|Musical Style: Instrumental Hard Rock||Produced By: Kevin Windross|
|Record Label: Independent||Country Of Origin: Australia|
|Year Released: 2009||Artist Website: Kevin Windross|
|Tracks: 7||Rating: 80%|
|Running Time: 33:24|
While the eighties are best known as an era in which hair metal ruled supreme – and the likes of Def Leppard, Bon Jovi, Poison and Stryper dominated the airwaves – it also produced its share of quality instrumental hard rock. Guitar virtuosos such as Joe Satriani (Surfing With The Alien), Joey Tafolla (Out Of The Sun) and David Chastain (Within The Heat) proved there was more to the decade than big hair, spandex, syrupy ballads and non-stop hooks. Top of the line instrumental guitar albums continued to released throughout the decades that followed, as is aptly demonstrated by Steve Vai (Passion And Warfare from 1990), James Byrd (Son Of Man from 1995), Fourth Estate (Finesse And Fury and See What I See from 1992 and 1995 respectively) and Rob Johnson (Guitararchitecture from 2001).

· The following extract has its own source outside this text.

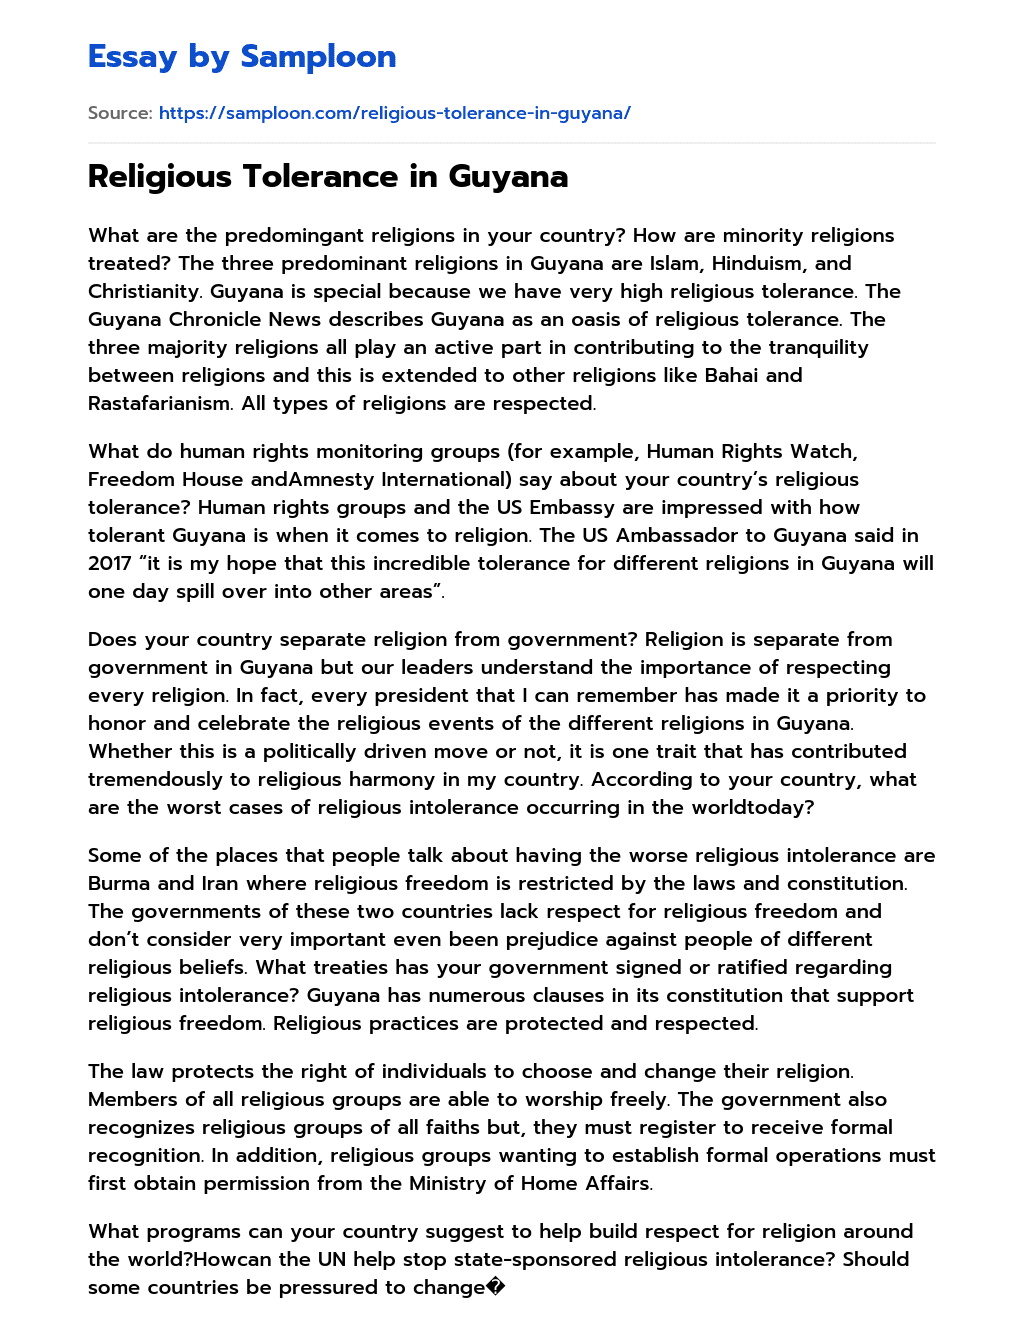 Religious Tolerance in Guyana essay
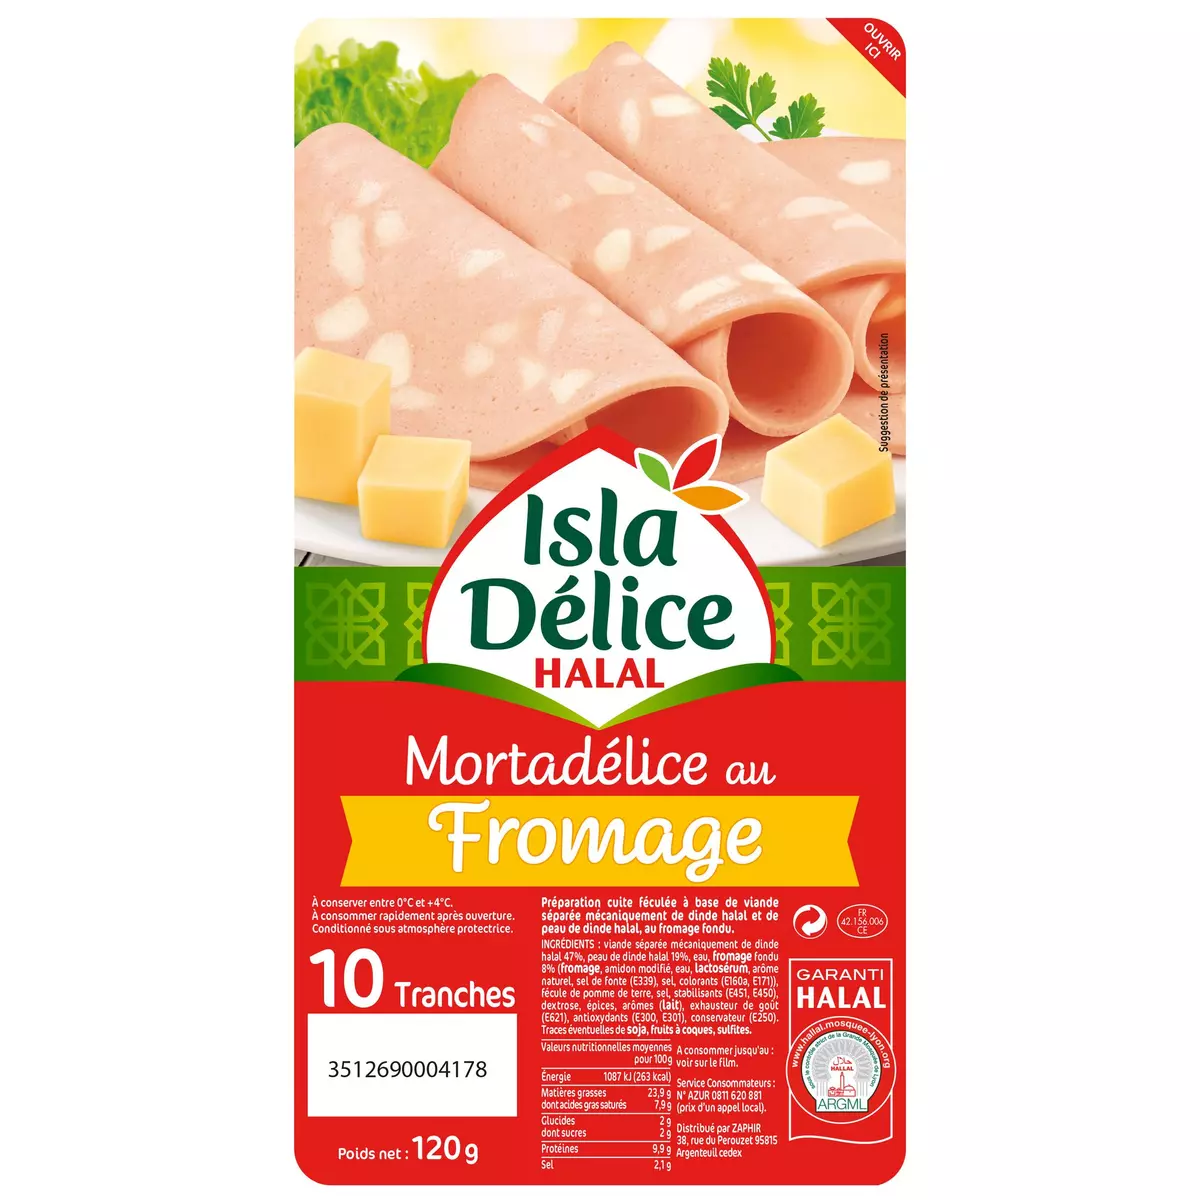 ISLA DELICE Mortadélice au fromage halal 10 tranches 120g

Australian native Kevin Windross is the latest artist to maintain the instrumental guitar rock trend. Getting his start in the late nineties with his first band Kilter and its debut Hephzibah, Windross formed Early Warning System in 2004 prior to putting out the full length effort Overworld on Soundmass Records two years later. After Early Warning System went its separate ways, Windross regrouped by recording his first solo album, the instrumental hard rock of the early 2009 release Standing Outside Circles.
Windross, who believes instrumental music can be used of God to break down barriers in the world, lists his influences as Steve Lukather (Toto), John Norum (Europe) John Sykes (Thin Lizzy & Whitesnake) Oz Fox (Stryper) Rex Carroll (Whitecross), Joe Satriani, Vinnie Moore and John Pretucci (Dream Theater). Yes, very good company indeed but it is without a doubt that these guitarists and others have made a direct impression on Windross’ playing throughout the project.
The first name that comes to mind when listening to Standing Outside Circles, of course, is Joe Satriani- in terms of not only soloing but songwriting direction as well. That said, when taking a closer look at things, the dexterous shredding of Rob Johnson (Magnitude 9) and Rex Carroll must be mentioned but mixed with the melodic touches characteristic to James Byrd and Pastor Brad. You will even find some bluesy flavorings not unlike Jeff Scheetz.
If you are interested in a fiery side to the artists soloing abilities then look no further than up-tempo tracks “Desert Princess” and “Standing Outside Circles”. “Into The Sun” maintains the upbeat heading but with more of a fusion based approach while a bluesy direction is taken on the gritty “After The Storm” and laid back “The Road To Bourke”. “Fisherman’s Bend” (pronounced bass line on this one) and “Little Caity” (Windross really cuts loose here) bring a mid-paced but melodic based sound.
Now, I own my share of instrumental guitar albums and in many (though not all) cases they serve as vehicles to showcase the playing of the musicians involved- almost to the extent that the songwriting plays a secondary role to the musicianship. However, such is NOT the case on Standing Outside Circles in that the artist strikes the near perfect balance of quality musicianship AND songwriting. If anything, Windross must be credited with the amount of melody he imbues the project, proving masterful in adorning things with his catchy riffs while showcasing his adept playing at the same time (this is where the previously referenced Satriani influence comes into play).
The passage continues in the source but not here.